Problem details = Using the entries that follow, state how many lines contain "Design", with no other words.

Records for this exercise =
....

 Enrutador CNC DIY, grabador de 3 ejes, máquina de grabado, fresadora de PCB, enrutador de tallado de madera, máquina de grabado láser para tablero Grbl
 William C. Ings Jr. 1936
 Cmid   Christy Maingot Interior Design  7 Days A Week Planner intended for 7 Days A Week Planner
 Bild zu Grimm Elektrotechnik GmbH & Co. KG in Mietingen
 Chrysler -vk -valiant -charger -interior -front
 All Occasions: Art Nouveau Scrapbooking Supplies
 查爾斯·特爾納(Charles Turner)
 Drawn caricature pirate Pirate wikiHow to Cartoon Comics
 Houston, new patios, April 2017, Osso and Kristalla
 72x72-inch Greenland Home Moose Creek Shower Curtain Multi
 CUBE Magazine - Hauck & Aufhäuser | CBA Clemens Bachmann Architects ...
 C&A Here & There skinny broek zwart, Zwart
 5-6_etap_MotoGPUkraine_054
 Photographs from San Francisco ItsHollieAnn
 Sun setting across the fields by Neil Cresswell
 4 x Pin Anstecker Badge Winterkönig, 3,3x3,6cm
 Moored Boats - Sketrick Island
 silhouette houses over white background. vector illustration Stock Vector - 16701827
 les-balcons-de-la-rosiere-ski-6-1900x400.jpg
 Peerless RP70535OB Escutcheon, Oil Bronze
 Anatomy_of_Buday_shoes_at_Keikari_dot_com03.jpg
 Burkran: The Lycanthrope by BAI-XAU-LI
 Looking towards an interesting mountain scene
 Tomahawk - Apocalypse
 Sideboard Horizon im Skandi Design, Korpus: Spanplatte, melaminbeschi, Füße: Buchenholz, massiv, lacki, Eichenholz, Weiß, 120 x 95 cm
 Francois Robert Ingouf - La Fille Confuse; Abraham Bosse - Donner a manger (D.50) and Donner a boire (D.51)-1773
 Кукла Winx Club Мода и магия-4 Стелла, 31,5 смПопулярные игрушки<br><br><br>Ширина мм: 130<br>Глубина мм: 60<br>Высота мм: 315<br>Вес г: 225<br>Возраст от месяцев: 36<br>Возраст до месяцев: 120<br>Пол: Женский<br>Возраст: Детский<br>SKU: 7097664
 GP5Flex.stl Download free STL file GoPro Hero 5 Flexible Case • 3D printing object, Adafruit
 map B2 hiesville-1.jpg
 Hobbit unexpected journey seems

....

Solved problem = 2